Там есть пророческая глава: действие с руанской площади, из огня и дыма костра переносится… перетекает… в Москву! И начинается ее освобождение!
Мотылек кружится у лампы и садится затем на страницу, рядом с пишущим пером. Он весеннего зеленого цвета, у него длинные прозрачные крылышки с золотыми прожилками. Его имя начинается на “хризо”… (в просторечии “муравьиный лев”)…
Неожиданно, налетая, повергнув меня в испуганное изумление: в моем левом ухе оказался палец! Невидимый палец! И прочищает его тем вращательным движением, какое я делал множество раз, после купания, избавляясь от попавшей в ухо воды.
И внутри меня – далеко-далеко – прозвучал полный страдания голос К.:
nicolasjesuisperduerappellemoijesuischezboubi*
Если это крик о помощи, преодолевший сотни километров… как отказать?
Если это что-то другое – как поступить?
Колеблясь, я все-таки спустился и позади дома, в дровянике нашел велосипед сестры Доминики. И помчался к ближайшему телефону в полной августовской темноте.
Будка ярко светилась во мраке.
Мой звонок в Германию К. разбудил.
Она едва говорила через рыдания:
– Je suis traquée, moquée, toute cassée! Ça me brole: je suis toute brolée je n’en comprends rien!**
* николяяпропалапозвонимнеяубуби
** Я вся избита, изломана, надо мной кто-то издевается! Меня что-то жжет: я вся горю! Я ничего не понимаю!
– Не плачь и слушай внимательно: к нашим жизням приложены страшные силы! Их понять невозможно: нужна защита от них!
В ответ К. плакала и восклицала.
Аппарат дал сигнал, что оплаченное время истекает. Ни одной монеты нет больше. И ночь вокруг. Ни души.
Нигде ни души.
– Не старайся понять. Повторяй – насколько ты можешь – повторяй имя… повторяй, не останавливаясь, имя Хрис…
Разговор прервался.
30.8. Сон: борьба с кем-то жирным, отвратительным, мягким, как вата, не вырывающимся, обволакивающим.
Сильные боли в груди, в плоской кости над солнечным сплетением. Ищу позу, в которой боль легче переносить: на коленях в постели, упираясь лбом в подушку. Боль, однако, делается все сильнее. Пот льется с меня градом.
Длится и длится.
Часа два спустя отпускает: в изнеможении засыпаю.
Из бумажника вылезли – и зачем они там? – три фотографии меня, снятые К. На двух – совершенно мертвое лицо (а ведь я не позировал): Марбург, декабрь 80-го, и Дюссельдорф, 81-го, в
парке. На третьей – странный, в лесу, весь в паутине: Марбург, 81-го.
Снова думаю о глазе и взгляде фотографирующего, вносящего “что-то” в изображение, вопреки “научной объективности” (объектива).
Впрочем, кажется, наука ныне говорит об участии наблюдателя в картине мира.
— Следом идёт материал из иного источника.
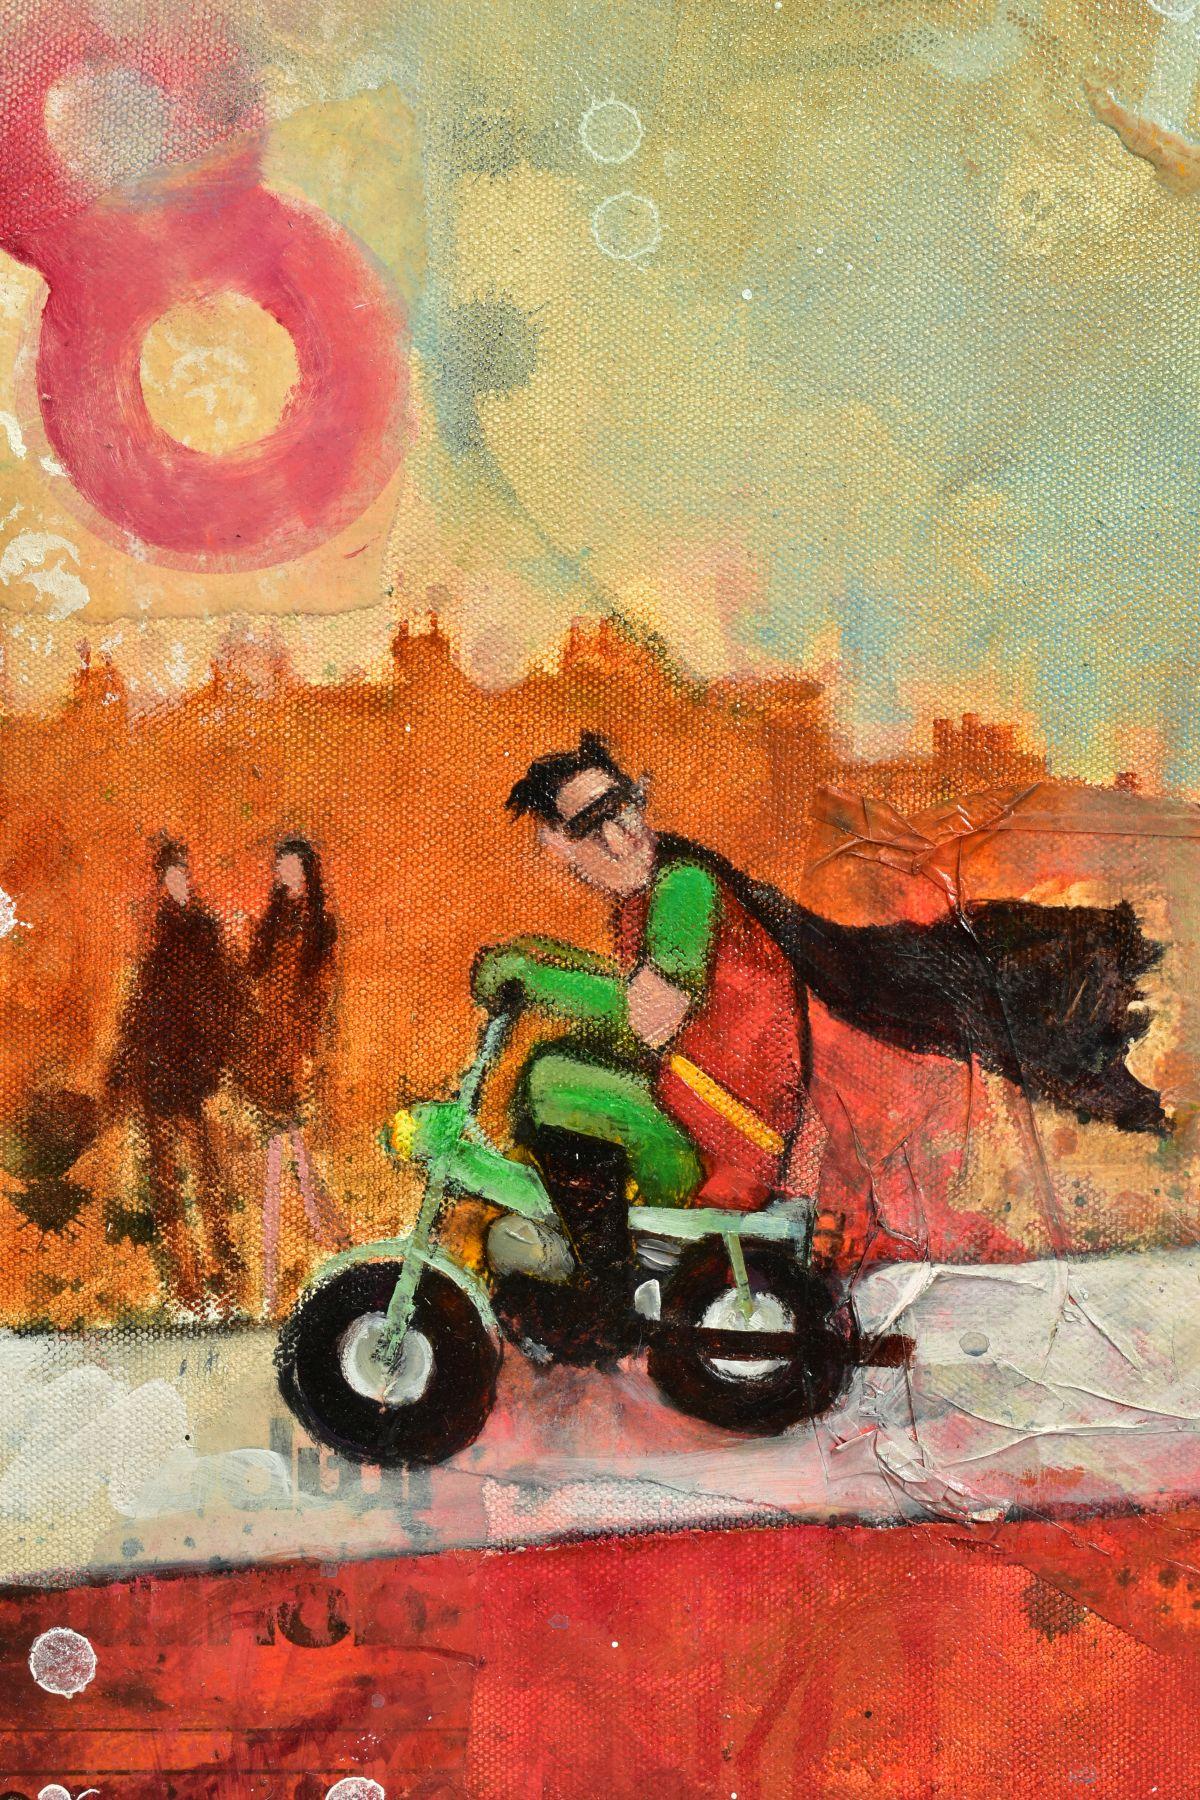 RICHARD BUREL (FRANCE 1974), 'Batman & Robin', the comic super heroes riding mopeds, signed bottom - Image 3 of 6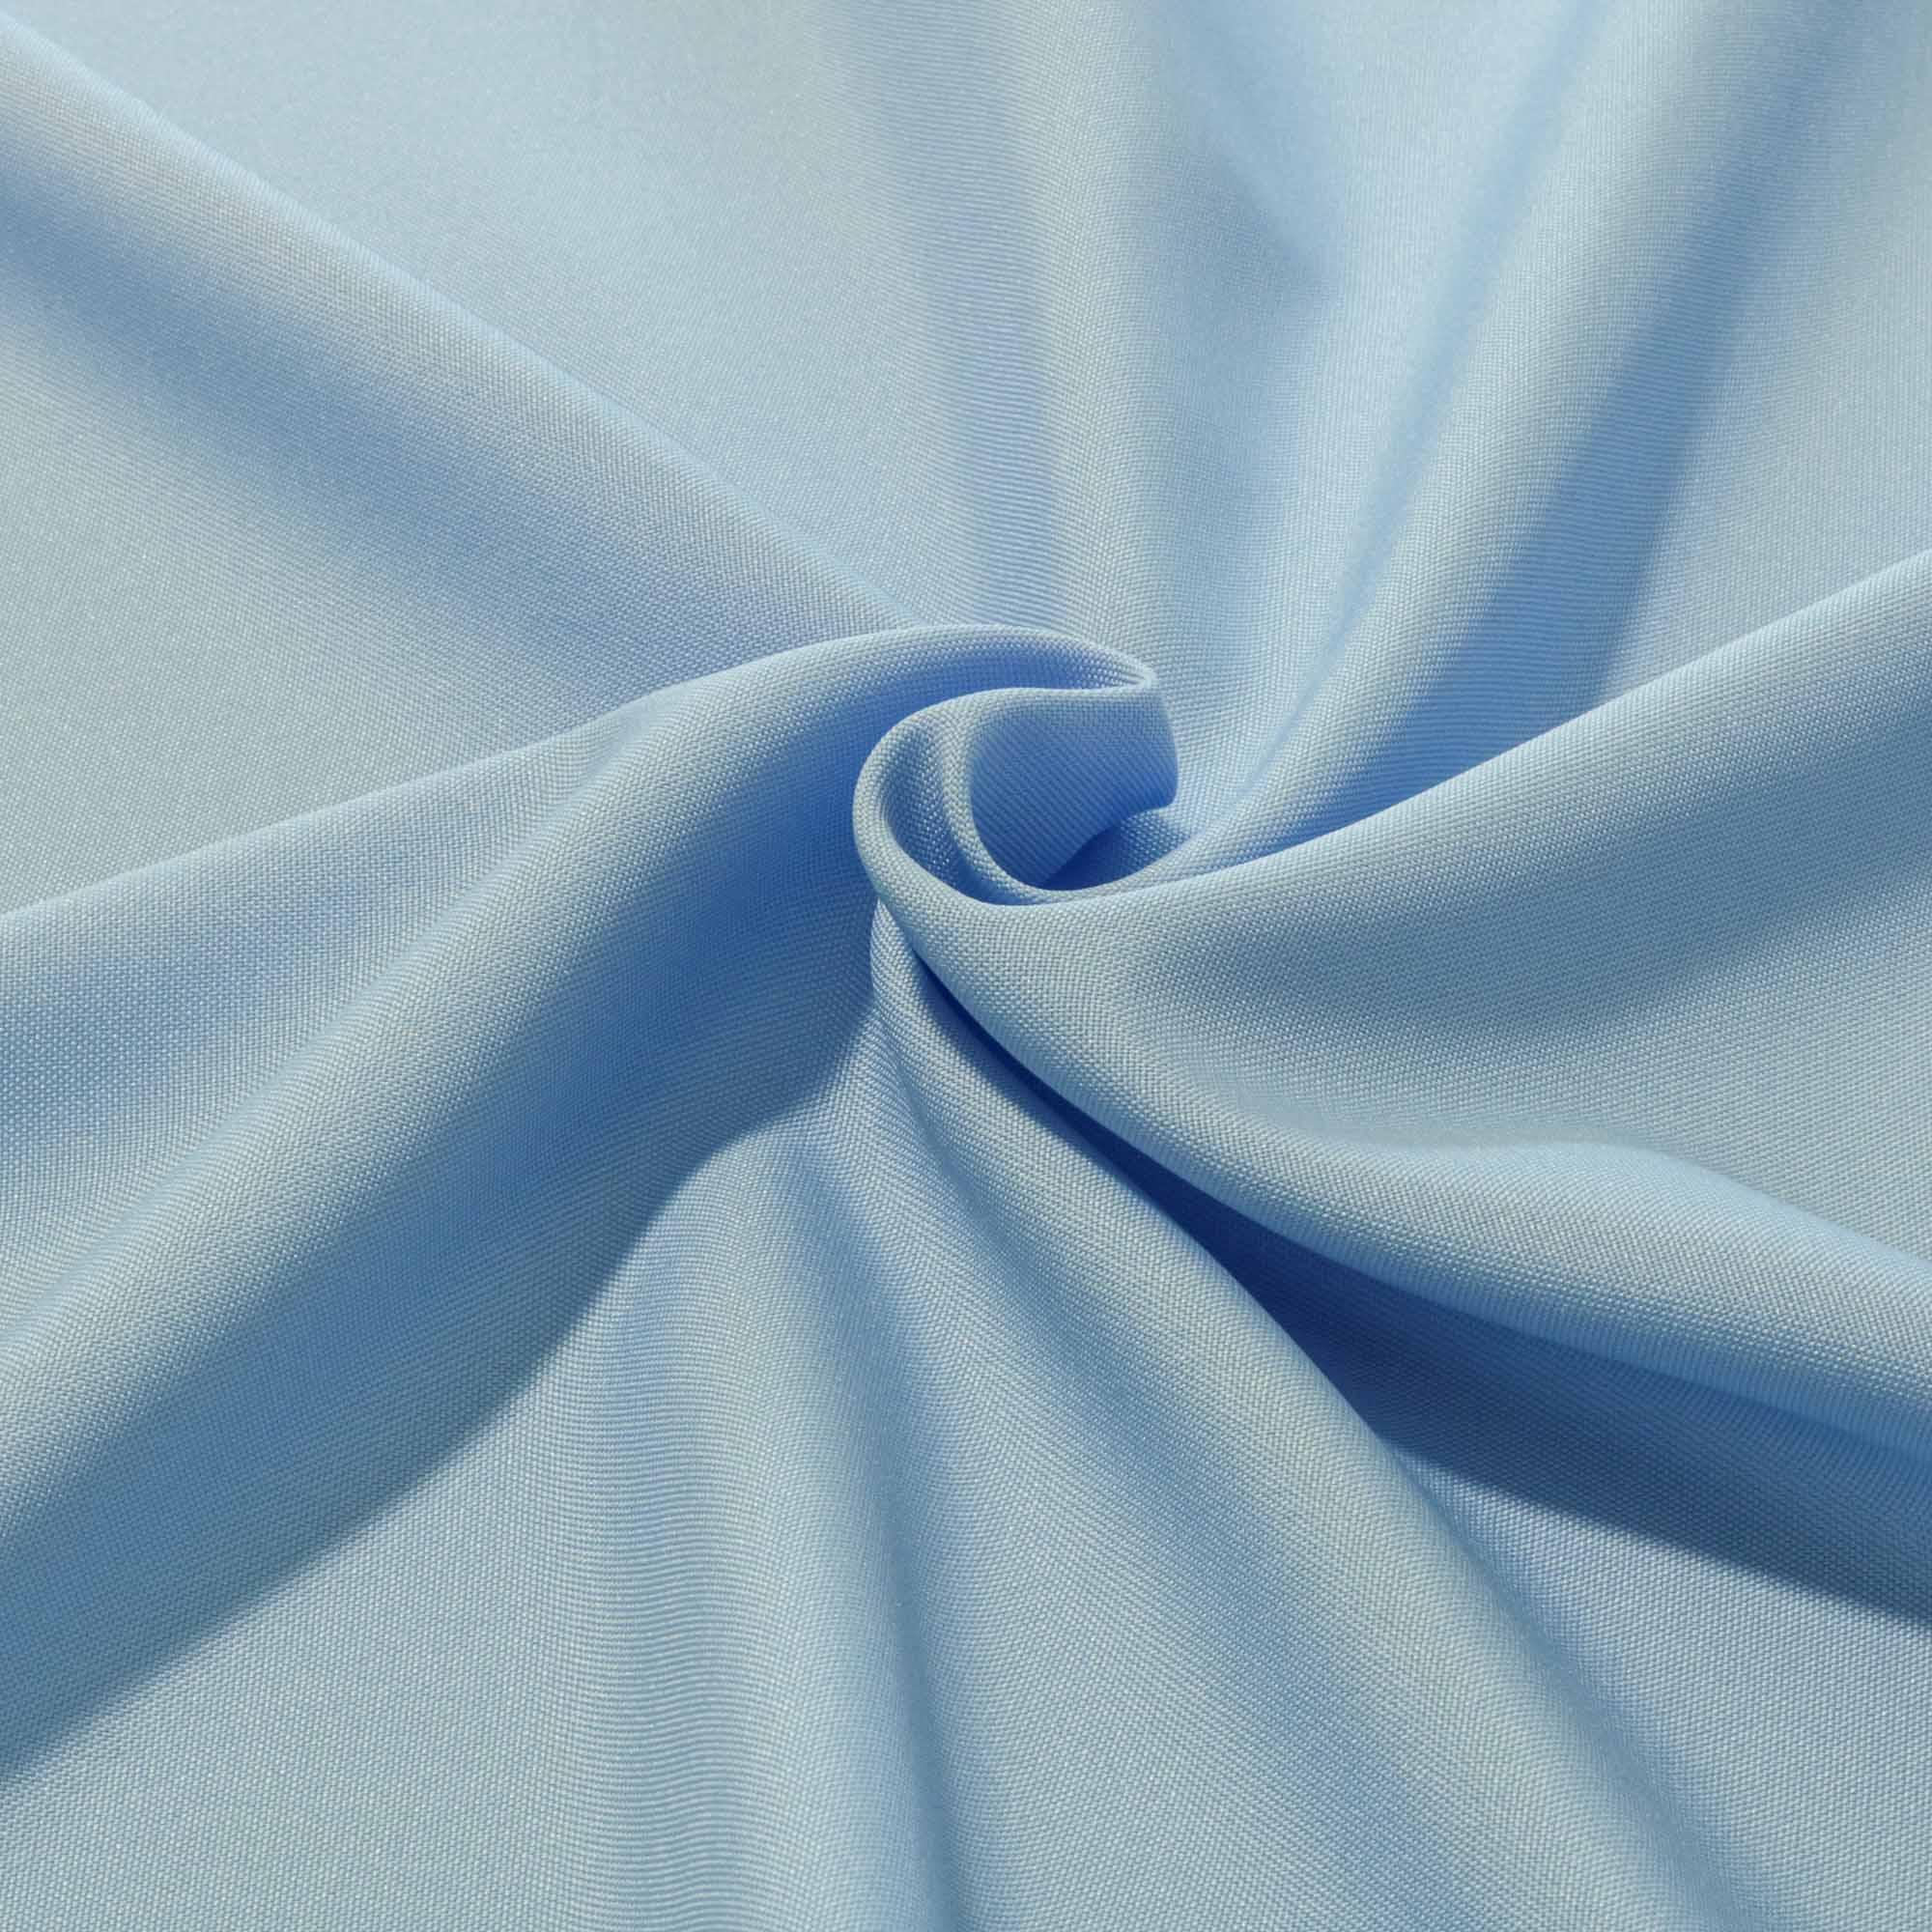 Tecido Oxford Liso 100% Poliester 1,50 m Largura Azul

31.8. В гостиной. Сестра Доминика читала вслух толкование досточтимого Беды на притчу о Добром Самаритянине. Человек, который шел из Иерусалима, шел из города небесного постоянства, “города солнца”, – в Иерихон, город луны, изменчивости мира. На этом пути неизбежны разбойники и раны (человеческие страсти и их последствия).
Вероятно, это понимание отразилось в том, что на иконах солнце и луна помещены возле прибитых рук Распятого: Он распят – растянут – между неизменным божественным и изменчивым мирским. Как я, как все мы. Мир сделан таким. Бог, может быть, хочет, чтобы мы осваивали мир таким, каким он сделан. Таким, какими мы сделаны.
Среди сосен, мимозы и вереска вокруг дома: сестра мадемуазель Мутон поручила мне очистить тропинку и посыпать ее гравием.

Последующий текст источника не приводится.